Heute sprechen die Kanzlerin und die Ministerpräsidenten der Länder wieder einmal miteinander. Bei den Zwangsmaßnahmen dürfen die Länderchefs ja nichts mehr entscheiden, es sei denn, sie wollen ihre Bürger noch mehr gängeln oder schärfer und länger einsperren, als es der Bund mittels Infektionsschutzgesetz und eventuell folgenden Rechtsverordnungen vorschreibt. Aber heute trifft sich die Runde als „Impfgipfel“. Dabei ist eine Debatten-Marke von Politik und Medien schon seit einigen Tagen gesetzt worden. Es geht um die Frage, ob Geimpfte ein paar Grundrechte zurück erhalten und wenn ja, welche?

In einem früheren Stadium der Debatte hatte man noch von Impf-Privilegien gesprochen. Dann fiel einigen Politikern und Meinungsbildnern auf, dass es sich bei all den in Rede stehenden „Privilegien“ ja um Grundrechte handelt, die eigentlich jedem Bürger zustehen, ihm aber seit mehr als einem Jahr – begründet mit dem Corona-Virus – entzogen wurden. Also heißt es jetzt, dass den Geimpften die entzogenen Grundrechte „zurück gegeben“ werden sollen. Dafür spricht sich jetzt scheinbar fast eine Allparteien-Koalition aus. Man könne ja, so heißt es, den Grundrechtsentzug für Geimpfte nicht mehr mit der Corona-Ansteckungsgefahr begründen, wenn jene nicht mehr ansteckend seien. Das klingt logisch und führt die Öffentlichkeit auf einen gefährlichen Pfad der Akzeptanz des Grundrechtsentzugs als Normalfall. Denn wer deren Rückgabe an eine Bedingung – in diesem Fall die Impfung – knüpft, macht aus ihnen eben gerade das, was sie in einem freien Land nicht sein dürfen: ein Privileg.

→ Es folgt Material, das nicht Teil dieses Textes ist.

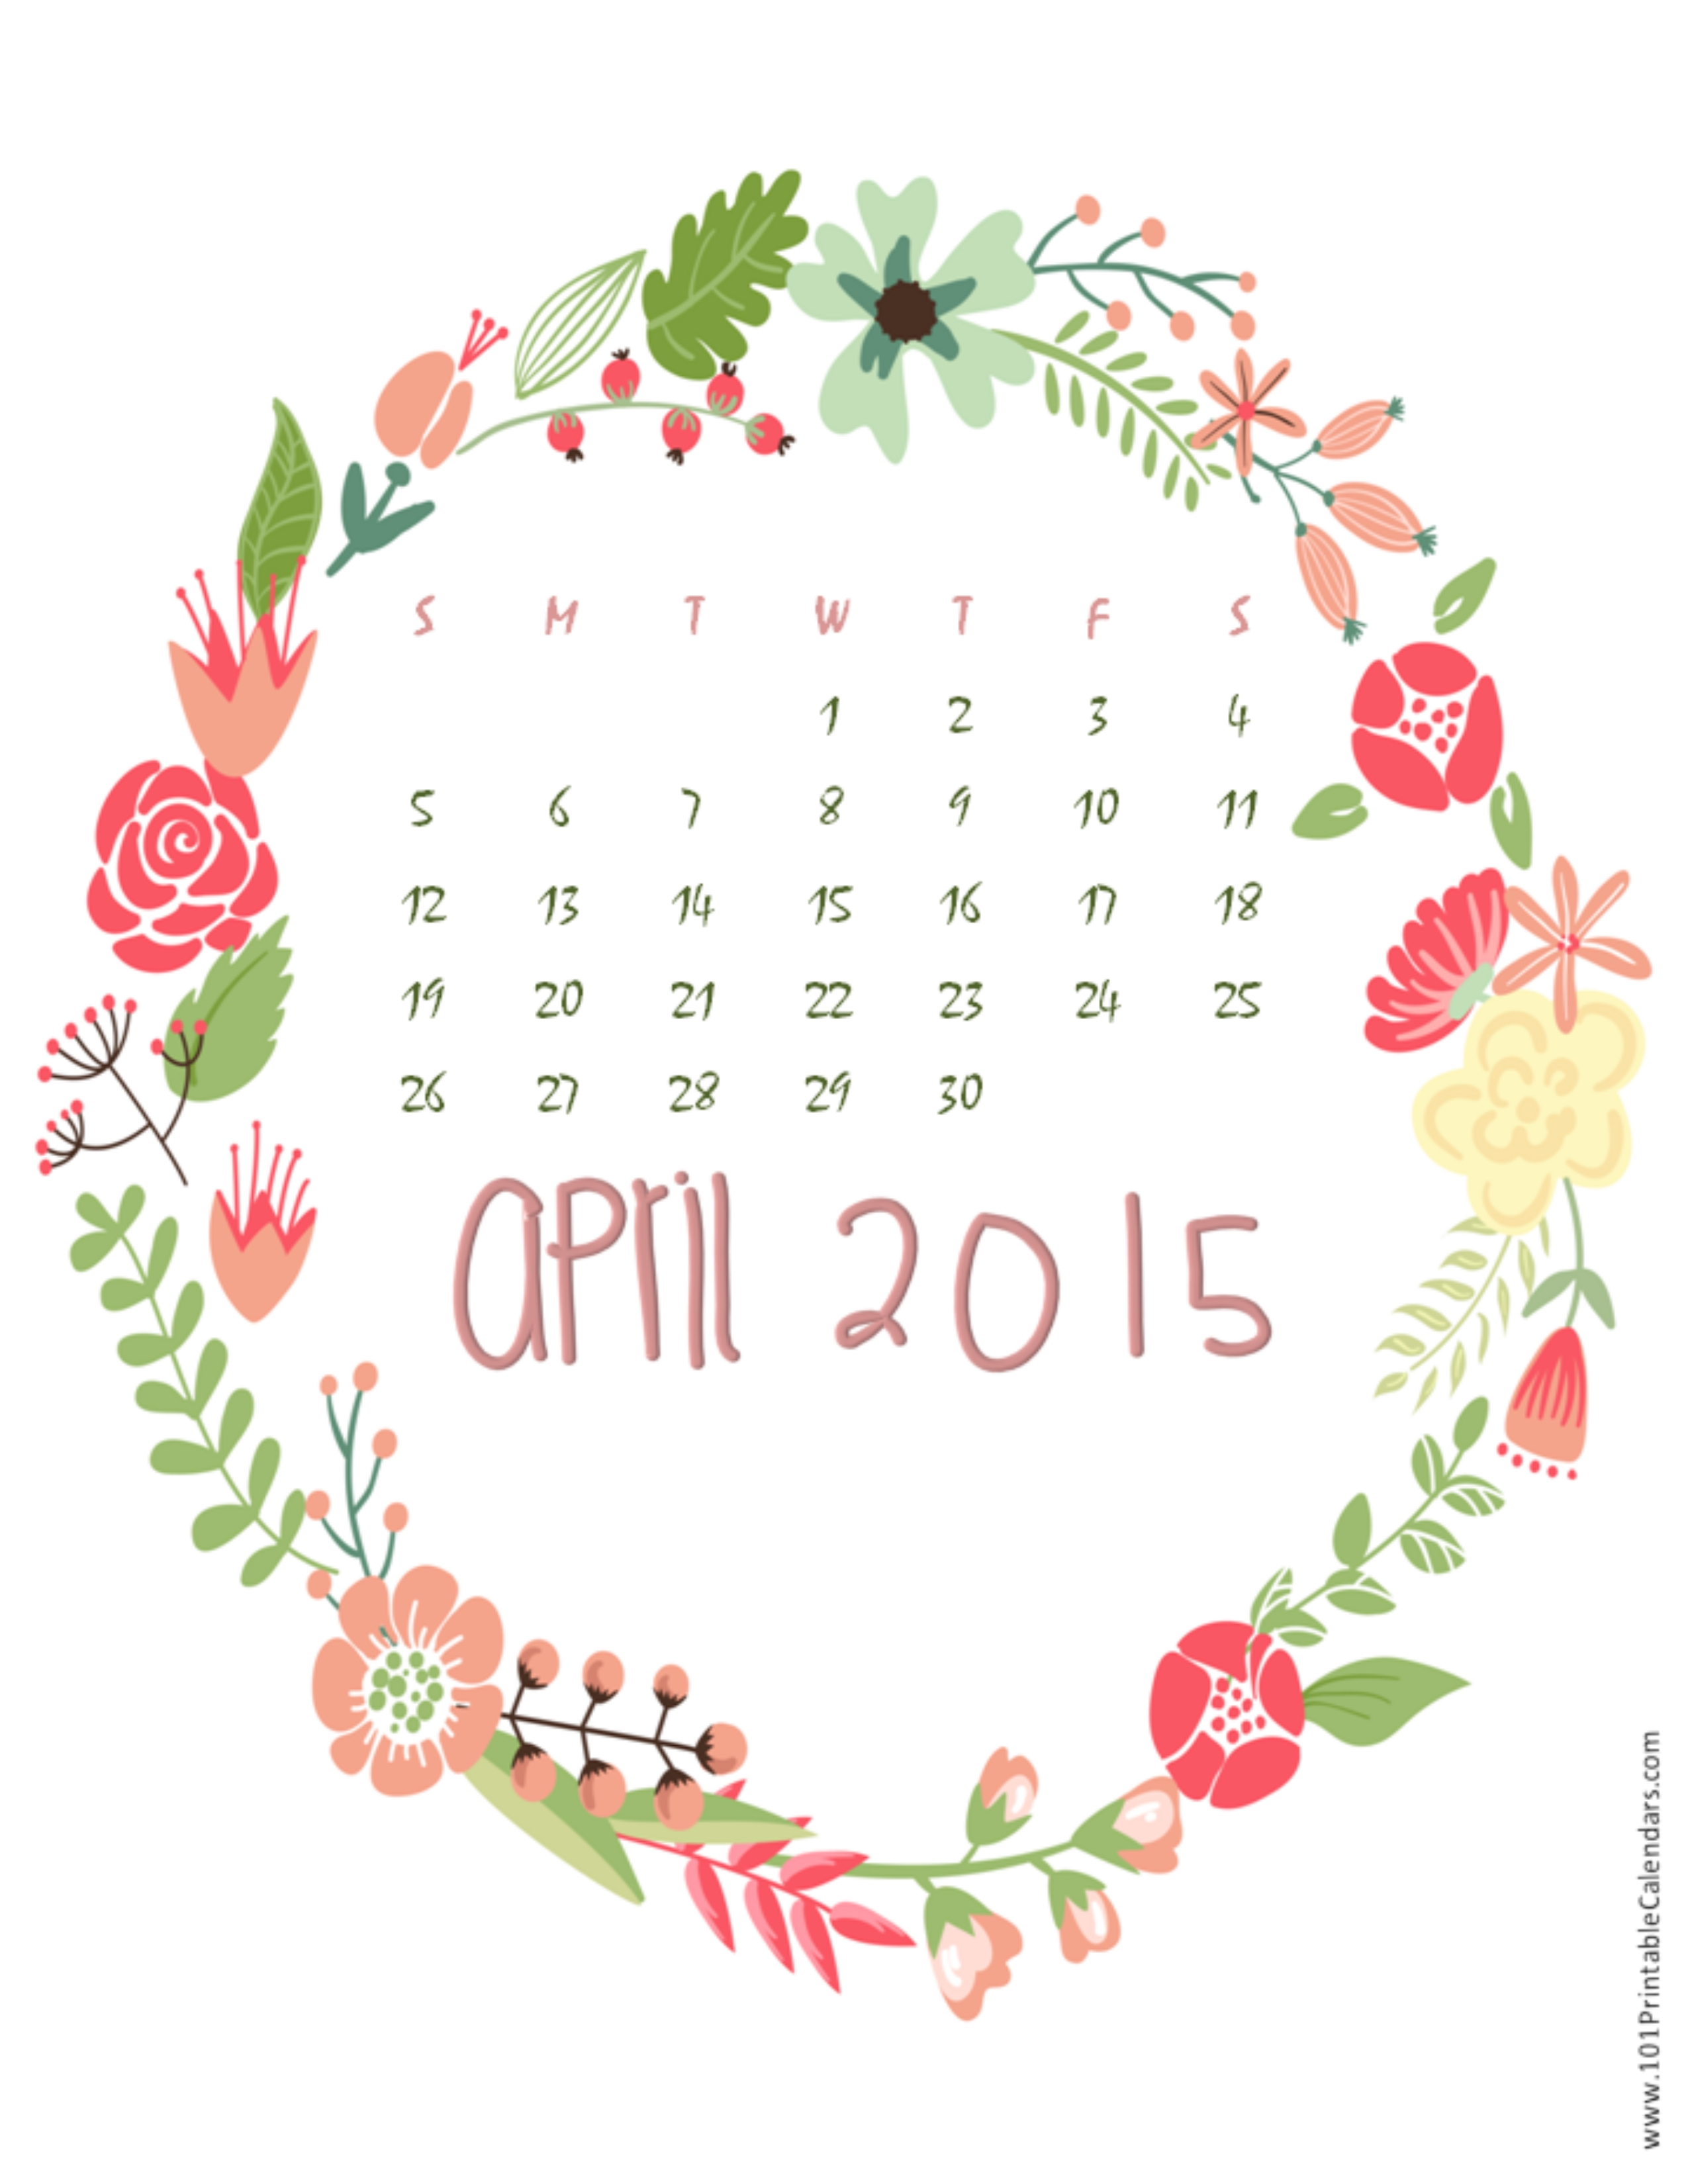 48] Desktop Wallpapers Calendar April 2015 on WallpaperSafari 2550x3300

Grundrechte lassen sich nicht von der Obrigkeit zuteilen. Denn in dem Moment, in dem das geschieht, sind sie keine mehr. Grundrechte gelten für jeden, für jeden Gesunden und jeden Kranken. Ja, es gibt hier einige Voraussetzungen. Oft ist es die Staatszugehörigkeit zum grundrechtsgarantierenden Staat oder die Volljährigkeit, wie beispielsweise bei den freien und geheimen Wahlen. Doch innerhalb dieses allgemein anerkannten Rahmens müssen keine weiteren Bedingungen erfüllt werden, um sie in Anspruch nehmen zu können. Sie sind in einem freien Land ebenso fundamental wie selbstverständlich. Man muss, kann oder darf sie sich nicht kaufen, verdienen oder erschleichen, denn es ist die Kernaufgabe eines freiheitlich-demokratischen Staates, dafür zu sorgen, dass die Bürger ihre Rechte jederzeit in Anspruch nehmen können. Das gilt nicht für einige, sondern für alle Bürger. Und wenn eine gefährliche Notlage die teilweise Aussetzung der Grundrechte wirklich erforderlich machen sollte, dann muss der Normalzustand so schnell wie möglich und für alle Bürger wiederhergestellt werden.

Anrüchige Fragen

Von diesem Normalzustand entfernen wir uns nicht nur zeitlich immer mehr, sondern offenbar auch geistig. Wer ernsthaft darüber nachdenkt, zuzulassen, dass die Obrigkeit die früheren Grundrechte nun nach neuen Kriterien bestimmten Gruppen zuteilt und anderen verweigert, der verabschiedet sich von einer freiheitlich-demokratischen Ordnung und vom Grundgesetz. Das bleibt auch dann so, wenn man das Argument ins Feld führt, dass Covid-19 eine gefährliche Krankheit ist und die Impfung das Allheilmittel sei. Niemandem dürfen in einem freien Land Grundrechte entzogen werden, nur weil er sich nicht mit einem im Eilverfahren zugelassenen Vakzin, dessen Langzeitfolgen niemand kennen kann, impfen lassen will. Gefahren übersteht eine freiheitlich-demokratische Ordnung nicht, indem sie sich abschafft.

Ja, Covid-19 ist eine schlimme Krankheit, wenn es einen etwas schwerer erwischt. Dass sollte für Verantwortungsträger hinreichend Anlass sein, sich um die ausreichende medizinische Versorgung zu kümmern, also u.a. deren materielle und personelle Ausstattung zu verbessern. Dazu gehört natürlich auch, sich um Medikamente und Impfstoffe zu kümmern. Aber der gegenwärtig praktizierte Abbau von Klinikkapazitäten bei gleichzeitigen Restriktionen für die Bürger gehört nicht dazu. Und es ist auch keine anrüchige Frage, ob es verhältnismäßig ist, allen oder nur manchen Bürgern aus Infektionsschutzgründen die Grundrechte zu entziehen, obwohl nur 0,36 Prozent der Bevölkerung mit der in Rede stehenden Krankheit infiziert sind. Wenn nun die Geimpften, deren Zahl immer größer wird, tatsächlich immunisiert und nicht ansteckend sind, dann ist der Grundrechtsentzug von Tag zu Tag unverhältnismäßiger. Darüber müsste gesprochen werden.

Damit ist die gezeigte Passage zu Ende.